8

I try retrain TF Object Detection API model from checkpoint with already .config file for training pipeline with tf.estimator.train_and_evaluate() method like in models/research/object_detection/model_main.py. And it saves checkpoints every N steps or every N seconds.

But I want to save only one best model like in Keras. Is there some way to do it with TF Object Detection API model? Maybe some options/callbacks for tf.Estimator.train or some way to use Detection API with Keras?

Silicon
  • 306
  • 3
  • 11
  • I have to say that both solutions from Sharky and from prouast are correct. I tried up both of them and it works fine. So if somebody have the same issue as I had, you can use any of this options. Thanks a lot to Sharky and prouast for clear and useful answers! – Silicon Mar 07 '19 at 07:18
  • Thanks for this - but where do I have to put that code from thse answers? I am using the default `model_main_tf2.py` script from the Object Detection API for training. Do I need to modify the OD scripts themselves? – Matthias Mar 02 '21 at 13:50

3 Answers3

7

I have been using https://github.com/bluecamel/best_checkpoint_copier which works well for me.

Example:

best_copier = BestCheckpointCopier(
   name='best', # directory within model directory to copy checkpoints to
   checkpoints_to_keep=10, # number of checkpoints to keep
   score_metric='metrics/total_loss', # metric to use to determine "best"
   compare_fn=lambda x,y: x.score < y.score, # comparison function used to determine "best" checkpoint (x is the current checkpoint; y is the previously copied checkpoint with the highest/worst score)
   sort_key_fn=lambda x: x.score,
   sort_reverse=False) # sort order when discarding excess checkpoints

pass it to your eval_spec:

eval_spec = tf.estimator.EvalSpec(
   ...
   exporters=best_copier,
   ...)
prouast
  • 1,176
  • 1
  • 12
  • 17
  • Thanks for this - but where do I have to put that code? I am using the default `model_main_tf2.py` script from the Object Detection API for training. Do I need to modify the OD scripts themselves? – Matthias Mar 02 '21 at 13:48
6

You can try using BestExporter. As far as I know, it's the only option for what you're trying to do.

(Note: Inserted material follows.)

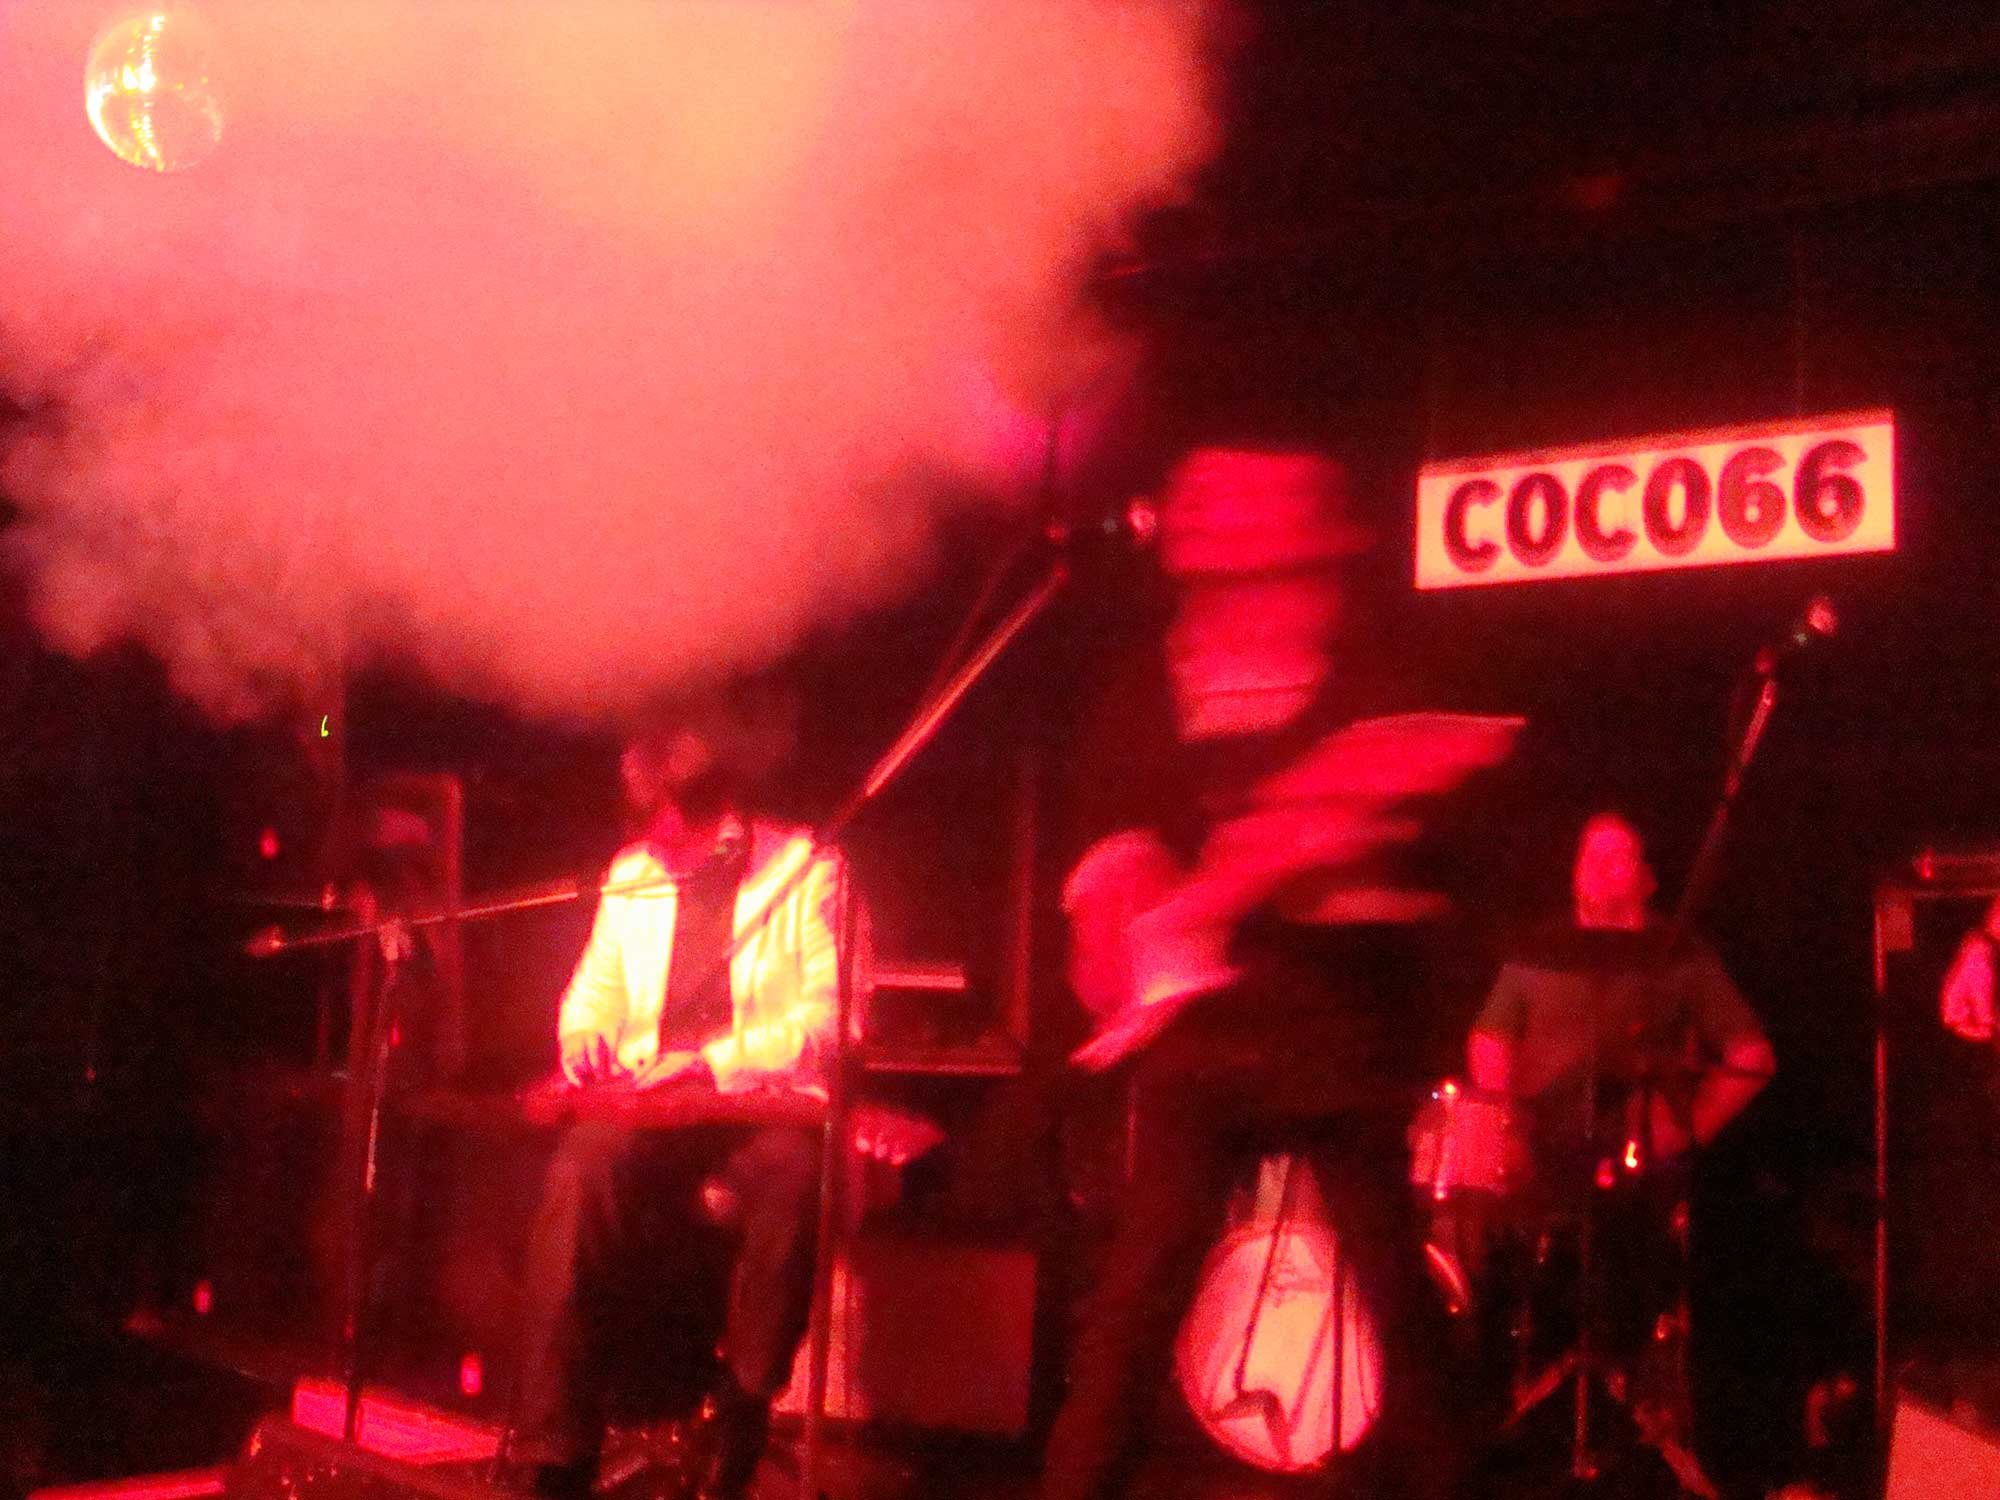  Parlor Grand performing at COCO66, Brooklyn, NY, 2009

exporter = tf.estimator.BestExporter(
      compare_fn=_loss_smaller,
      exports_to_keep=5)

eval_spec = tf.estimator.EvalSpec(
    input_fn,
    steps,
    exporters)

https://www.tensorflow.org/api_docs/python/tf/estimator/BestExporter

Sharky
  • 4,473
  • 2
  • 19
  • 27
  • 1
    I see that the exporter exports files in a slightly different format `saved_model.pb`.. and the meta file (example: `model.ckpt-3073.meta`) is missing... are they equivalent to use? I remember `*.pb` is generated after exporting frozen inference graph. – Pratik Khadloya Apr 20 '20 at 00:45
  • `BestExporter` also saves ckpt, despite that it is not copied to a new folder, which is doomed to be cleared if new ckpts are generated (say `keep_checkpoint_max=5` in `tf.estimator.RunConfig`), where @prouast 's answer will fit. – MeadowMuffins Dec 21 '20 at 06:38
1

If you are training using the models repo of tensorflow/models. models/research/object_detection/model_lib.py file create_train_and_eval_specs function can be modified to include the best exporter:

final_exporter = tf.estimator.FinalExporter(
    name=final_exporter_name, serving_input_receiver_fn=predict_input_fn)

best_exporter = tf.estimator.BestExporter(
    name="best_exporter",
    serving_input_receiver_fn=predict_input_fn,
    event_file_pattern='eval_eval/*.tfevents.*',
    exports_to_keep=5)
exporters = [final_exporter, best_exporter]

train_spec = tf.estimator.TrainSpec(
    input_fn=train_input_fn, max_steps=train_steps)

eval_specs = [
    tf.estimator.EvalSpec(
        name=eval_spec_name,
        input_fn=eval_input_fn,
        steps=eval_steps,
        exporters=exporters)
]
Pratik Khadloya
  • 12,509
  • 11
  • 81
  • 106